Exercise = Any images in the material are to be dropped while every line is retyped exactly.

Dataset content =
-------------------------

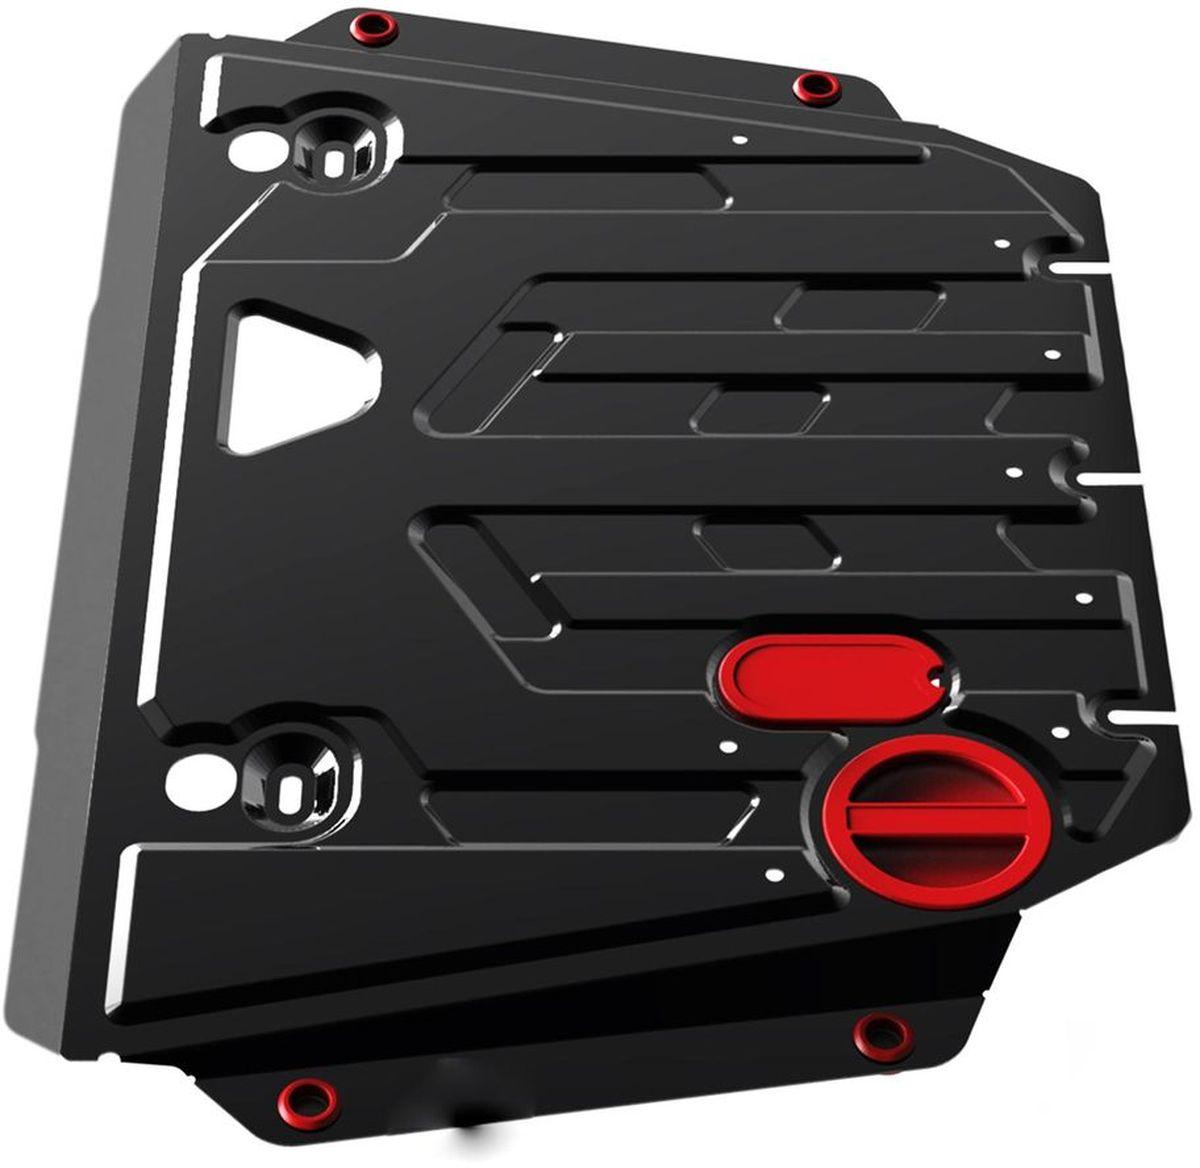 Защита картера и КПП Автоброня FAW Oley 2014-, сталь 2 мм111.08008.1Защита картера и КПП Автоброня FAW Oley, V-1,5 2014-, сталь 2 мм, комплект крепежа, 111.08008.1Стальные защиты Автоброня надежно защищают ваш автомобиль от повреждений при наезде на бордюры, выступающие канализационные люки, кромки поврежденного асфальта или при ремонте дорог, не говоря уже о загородных дорогах.- Имеют оптимальное соотношение цена-качество.- Спроектированы с учетом особенностей автомобиля, что делает установку удобной.- Защита устанавливается в штатные места кузова автомобиля.- Является надежной защитой для важных элементов на протяжении долгих лет.- Глубокий штамп дополнительно усиливает конструкцию защиты.- Подштамповка в местах крепления защищает крепеж от срезания.- Технологические отверстия там, где они необходимы для смены масла и слива воды, оборудованные заглушками, закрепленными на защите.Толщина стали 2 мм.В комплекте крепеж и инструкция по установке.Уважаемые клиенты!Обращаем ваше внимание на тот факт, что защита имеет форму, соответствующую модели данного автомобиля. Наличие глубокого штампа и лючков для смены фильтров/масла предусмотрено не на всех защитах. Фото служит для визуального восприятия товара.
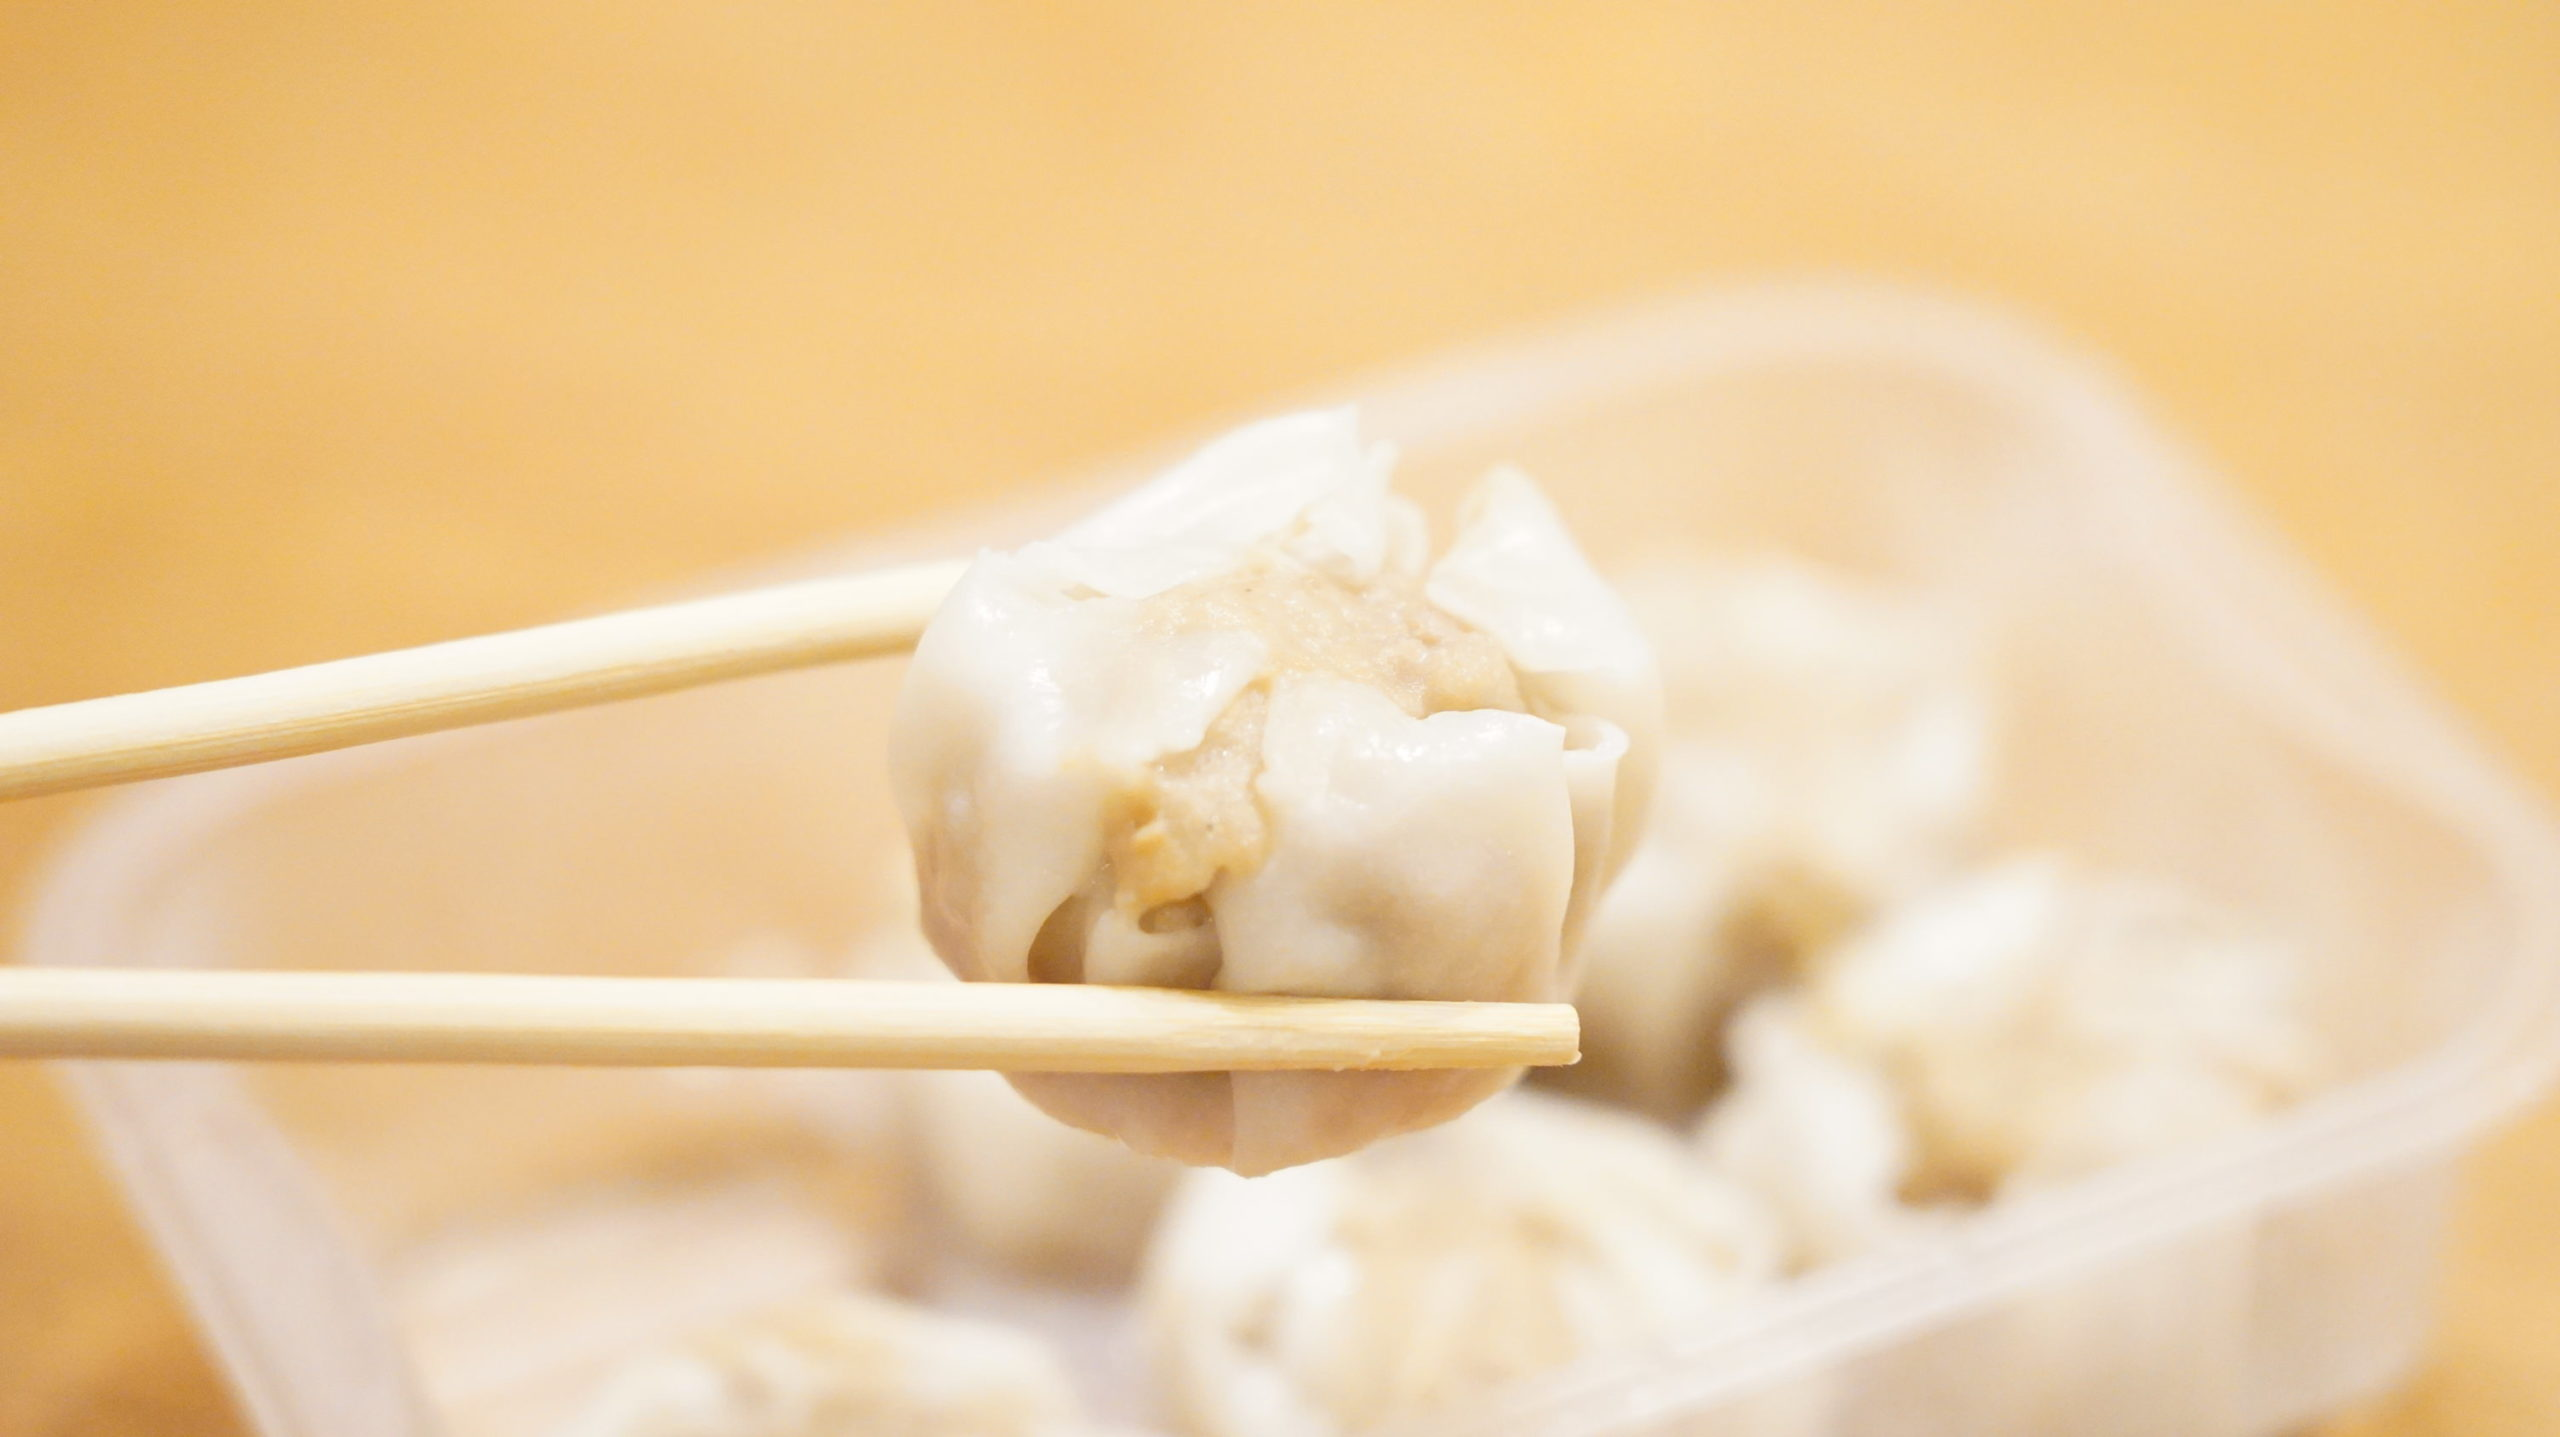 セブンイレブンのおすすめ冷凍食品「特製点心・本格肉焼売」を箸でつまんでいる写真
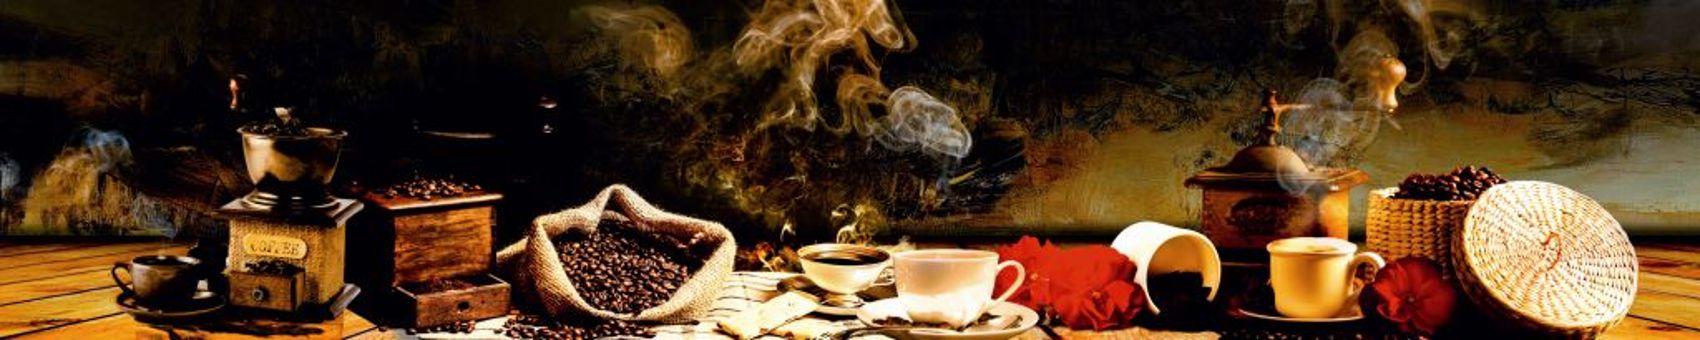 Кофе в дымке
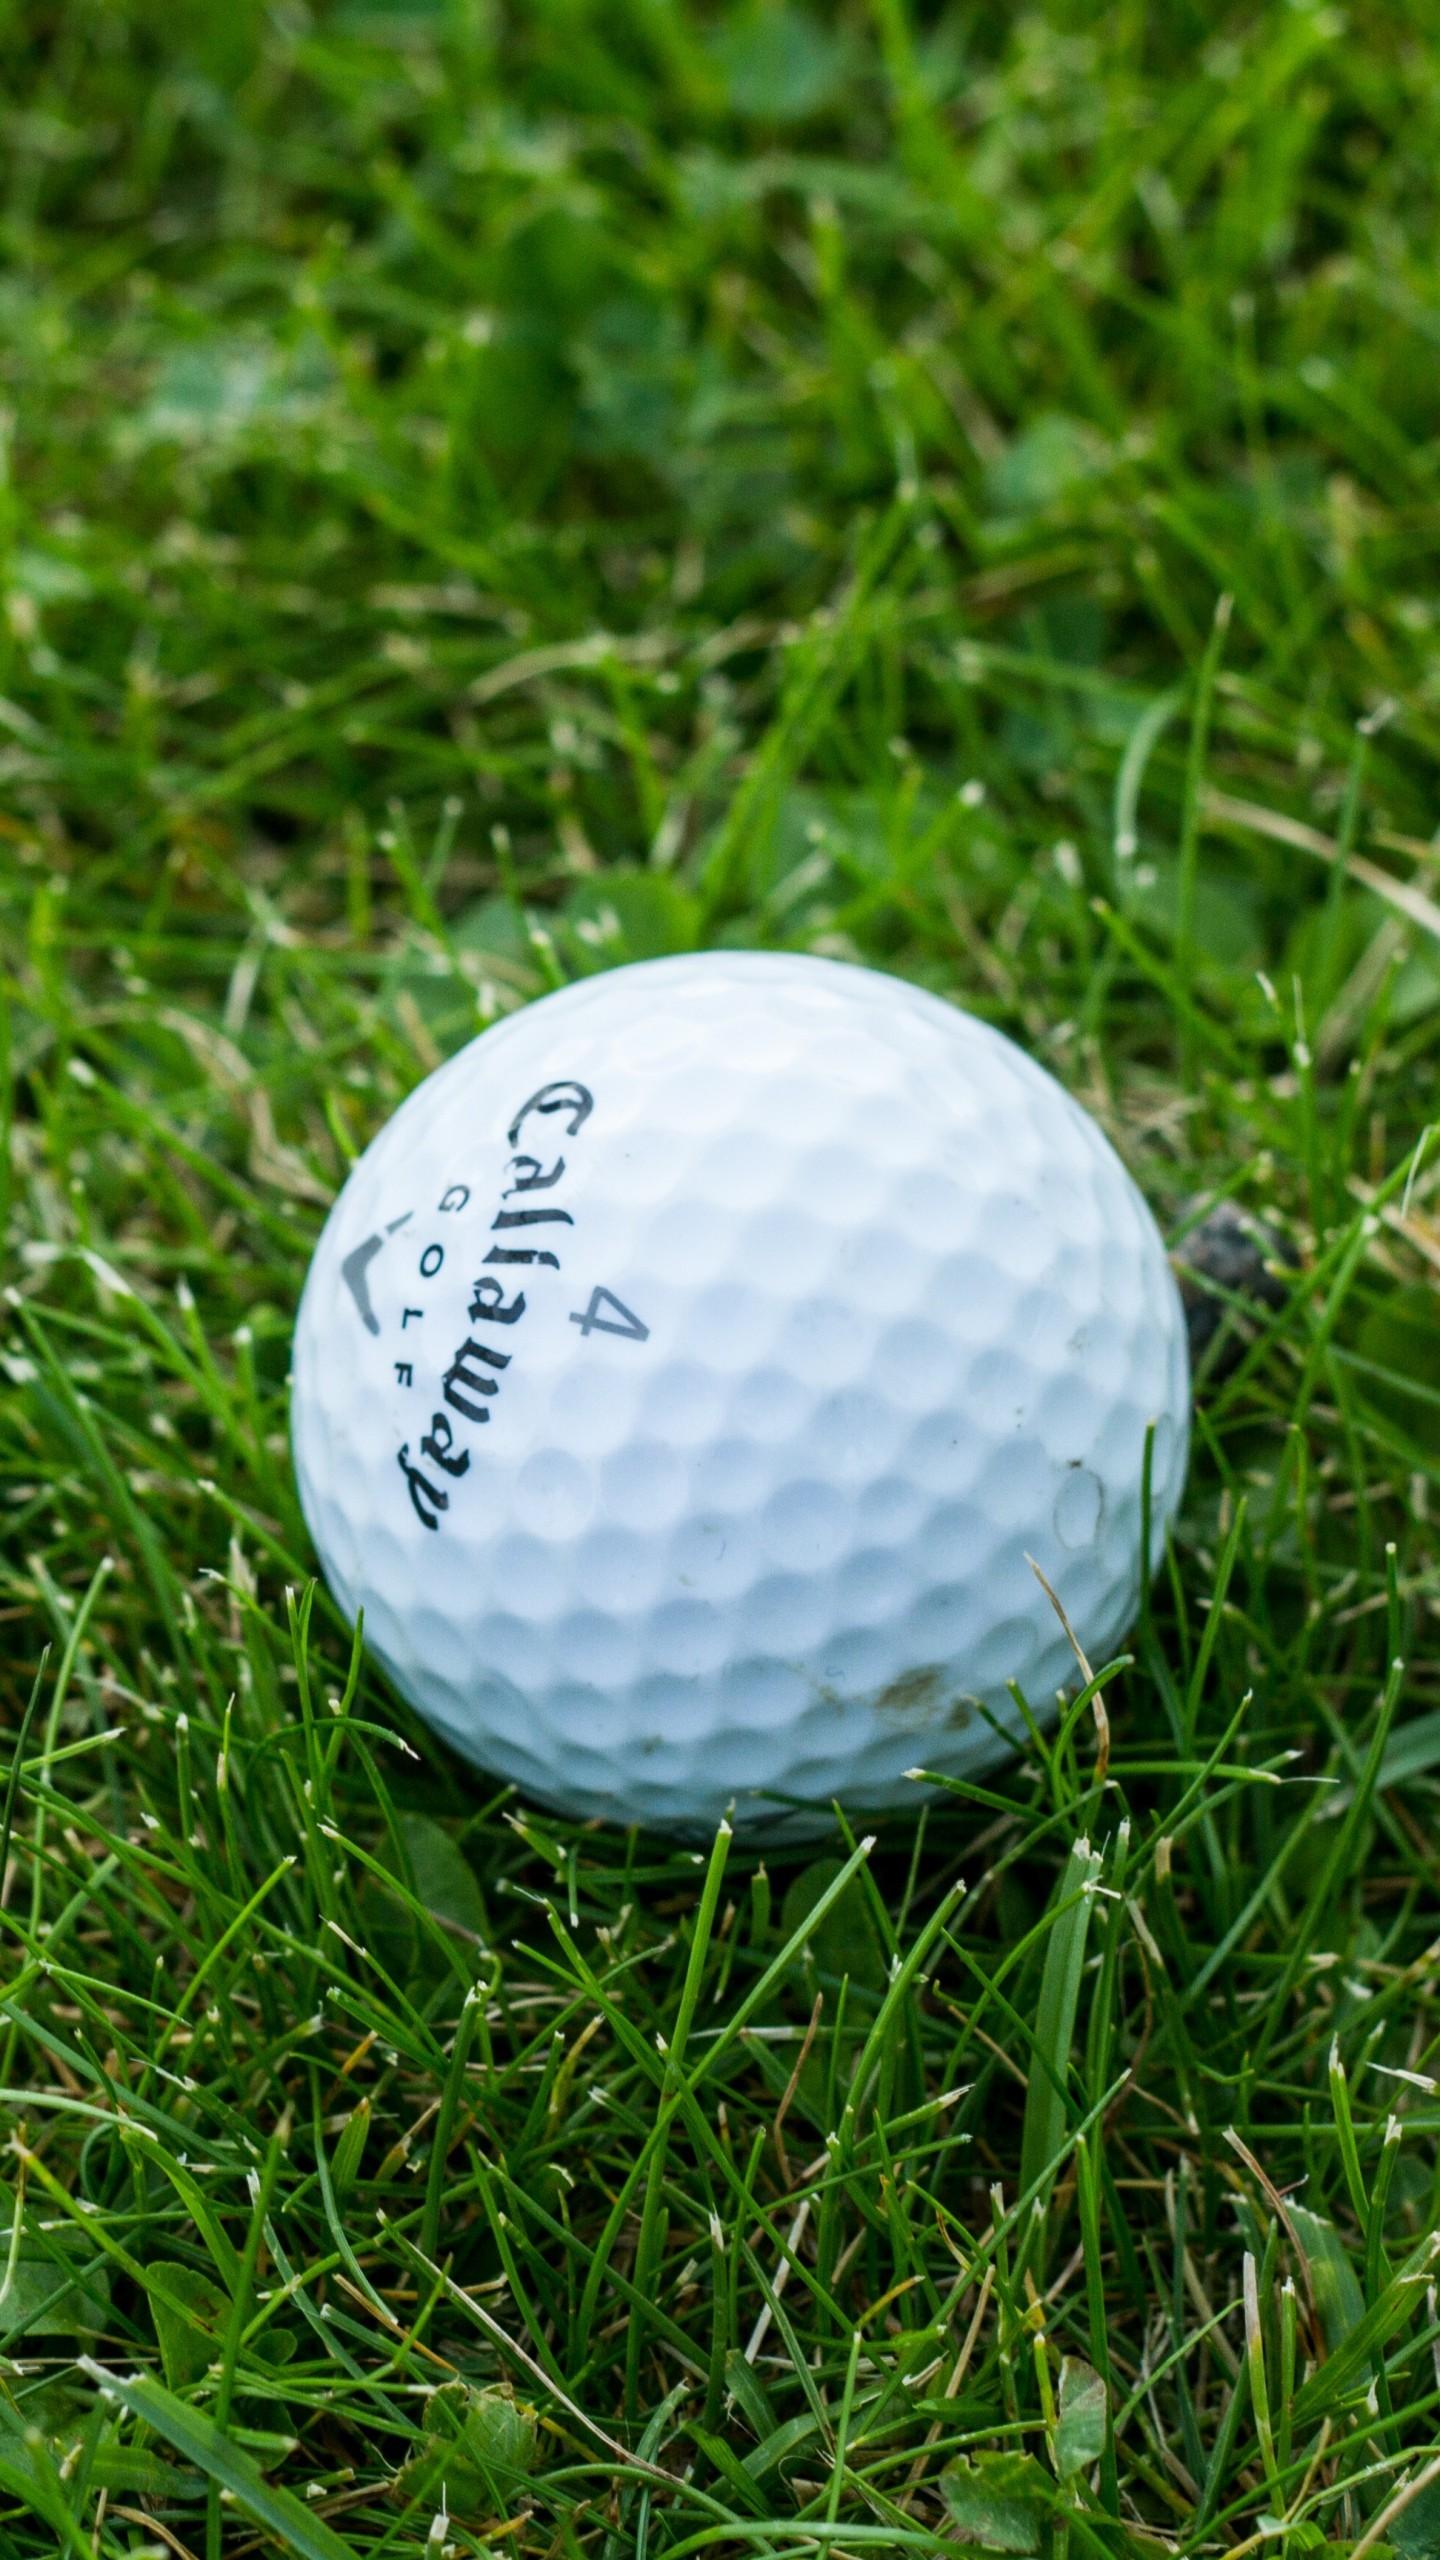 1440x2560 Preview Wallpaper Golf Ball Grass

-------------------------

Output for this task =
 Защита картера и КПП Автоброня FAW Oley 2014-, сталь 2 мм111.08008.1Защита картера и КПП Автоброня FAW Oley, V-1,5 2014-, сталь 2 мм, комплект крепежа, 111.08008.1Стальные защиты Автоброня надежно защищают ваш автомобиль от повреждений при наезде на бордюры, выступающие канализационные люки, кромки поврежденного асфальта или при ремонте дорог, не говоря уже о загородных дорогах.- Имеют оптимальное соотношение цена-качество.- Спроектированы с учетом особенностей автомобиля, что делает установку удобной.- Защита устанавливается в штатные места кузова автомобиля.- Является надежной защитой для важных элементов на протяжении долгих лет.- Глубокий штамп дополнительно усиливает конструкцию защиты.- Подштамповка в местах крепления защищает крепеж от срезания.- Технологические отверстия там, где они необходимы для смены масла и слива воды, оборудованные заглушками, закрепленными на защите.Толщина стали 2 мм.В комплекте крепеж и инструкция по установке.Уважаемые клиенты!Обращаем ваше внимание на тот факт, что защита имеет форму, соответствующую модели данного автомобиля. Наличие глубокого штампа и лючков для смены фильтров/масла предусмотрено не на всех защитах. Фото служит для визуального восприятия товара.
 セブンイレブンのおすすめ冷凍食品「特製点心・本格肉焼売」を箸でつまんでいる写真
 Кофе в дымке
 1440x2560 Preview Wallpaper Golf Ball Grass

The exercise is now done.